Conferences are a funny thing. On science newsgroups on the net,
there is very little talk about conferences. This is probably because
the people who really understand conferences are too busy flying from one
conference to the next to post to newsgroups very often. Academic success is
in part measured by the number of conference invitations one receives,
the prestige of the conferences, and the type of invitation. For example,
a big plenary lecture on an impressive stage, preceded by a little warmup
where someone explains how great you are, counts for infinitely many talks
in those parallel sessions where dozens of people get 10 minutes each to
explain their work before the moderator begins to make little coughs
indicating that it's time for the next one, while all the while people drift
in and out in a feeble attempt to find the really interesting talks.
Still, giving any sort of talk is regarded as better than giving none, so
academics spend a lot of time doing this sort of thing.
One of the great dangers of being a successful academic, in fact, is that
one may get invited to so many conferences that one never has time to think.
Winning the Nobel prize is purported to be the kiss of death in this respect.
Of course, it's a universal platitude that the real thinking at conferences
gets done not during the talks, but informally in small groups. But the
funny thing is that at most conferences people are so worn out after going
to a day's worth of talks that they have limited energy for serious
conversation afterwards: they usually seem more interested in
finding the good local restaurants and scenic attractions. If people could
have conferences with no lectures whatsoever, or maybe one a day, it would
probably be more productive. But the idea that a bunch of people
could figure something out just by sitting around and chatting informally
is absolutely foreign to our conception of "work". People expect to receive
money from bureaucrats to go to conferences, but to convince a bureaucrat
that you are deserve the money, you need to give a lecture, so of course
all conferences have too many lectures.
Turning back towards Warsaw, a city with a marvelous mathematical
history, I am reminded of Gian-Carlo Rota's biographical sketch of
Stanislaw Ulam, in which (as a master of irony) he talks about how lazy
Ulam was: all he wanted to do was sit around in cafes and come up with
interesting conjectures and research rograms, and leave it to others to
work them out. And this in turn reminds me of the Scottish Cafe, where
Polish mathematicians used to hang out and write on the tablecloths,
until the owner provided them with a notebook, in which many
famous conjectures were formulated, and I believe prizes like bottles of
wine were offered for their solutions. Was the Scottish Cafe in Warsaw?

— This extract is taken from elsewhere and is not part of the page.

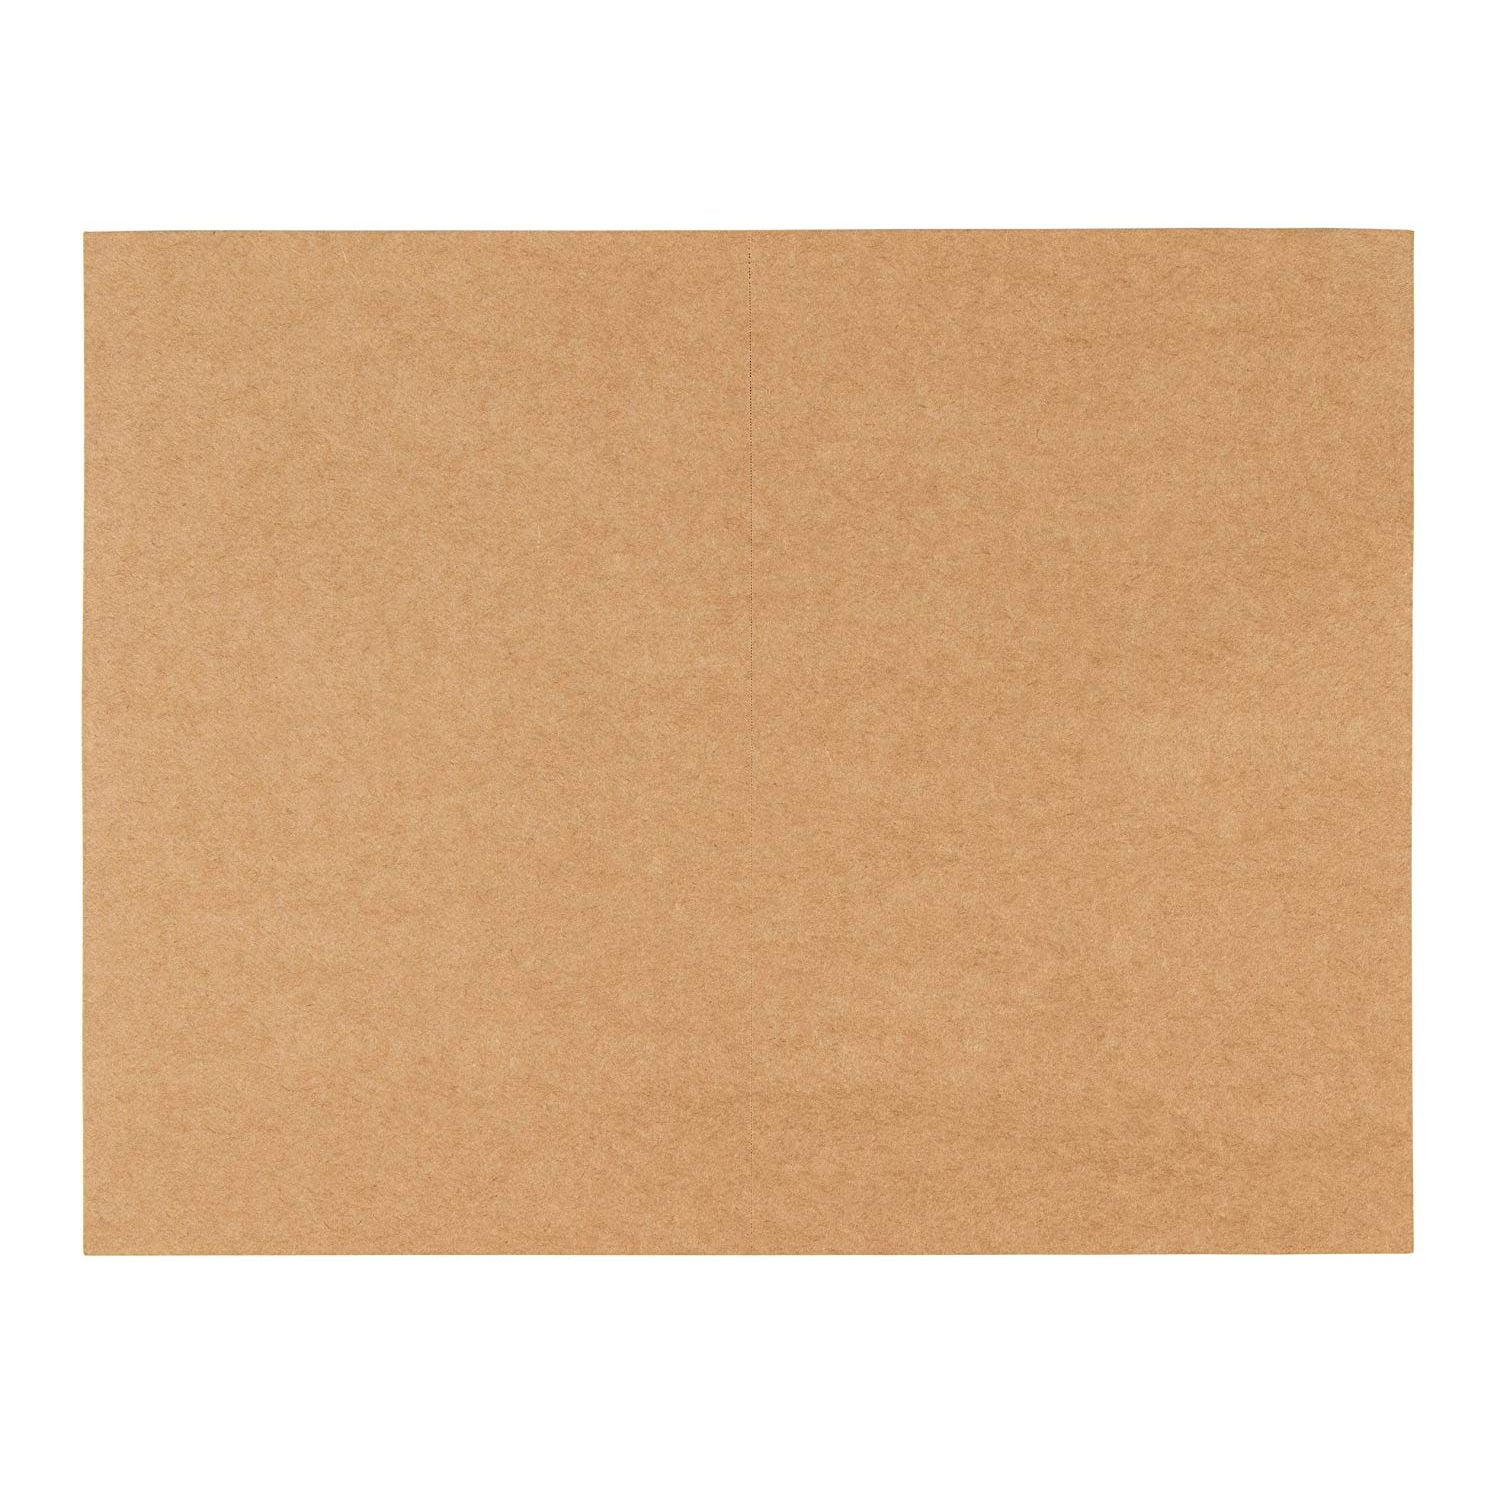 100-Sheet Kraft Paper Postcards Printable Blank Note Cards for Inkjet and Laser Printers 2 Per Page 200 Cards in Total Brown 5.5 x 8.5 Inches Best Paper Greetings Blank Postcards

[No, Lwow.] Does it still exist? I completely forgot to check while
I was there. The Banach Center, in which the conference participants
stayed, comes from a later stratum of Polish mathematical history;
it was built after the war, and one room still contains a portrait
of Lenin. I know that because a film crew used it to shoot a
scene for a historical movie!
Anyway, I enjoyed this conference in Warsaw quite a bit, because a lot
of people working on the loop representation of quantum gravity were
there, and I managed to have a fair number of serious conversations.
Before going into what I learned there, I should say that I just found a
fun thing for people to read who are interested in quantum gravity, but
are not necessarily specialists:
1) Gary Au, The quest for quantum gravity, available as gr/qc-9506001.
This consists mainly of interviews with Chris Isham, Abhay Ashtekar and
Edward Witten. What's nice is that the interviews are conducted by someone
who knows physics. The questions and answers are technical enough to
convey some of the real substance of the subject, while still (I hope) non-
technical enough so that you don't have to be an expert to get a lot out of
them. Isham talks mainly about the "problem of time" in quantum gravity,
Ashtekar talks mainly about the loop representation of quantum gravity,
and Witten talks about string theory.
Anyway, Ashtekar and a bunch of other good people were at this Warsaw
conference, which is why I went. The main topics of conversation were
spin networks and their use in studying the area and volume operators in
quantum gravity. As I explained earlier in "week43", one may very roughly
think of a spin network as a graph whose edges are labelled with "spins"
0,1/2,1,3/2, and so on, and who vertices are labelled with certain gadgets
called "intertwining operators" (which in the simplest case are just the
Clebsch-Gordon coefficients you learn about when studying angular momentum
in quantum mechanics). Penrose introduced these as abstract graphs (see
"week22" and "week41"), as a kind of substitute for thinking of space as a
manifold, but more recently Rovelli and Smolin started thinking of them
as graphs embedded into 3d space, and saw that these were a really natural
way to describe states of quantum gravity: even better than loops, because
they form an orthonormal basis! Actually, it was mainly me who proved
in a really rigorous way that they form an orthonormal basis, but
Rovelli and Smolin had already been doing calculations using this idea
for a while. One thing they computed was the eigenvalues of the
observables in quantum gravity corresponding to the area of a
surface in space, or the volume of a region.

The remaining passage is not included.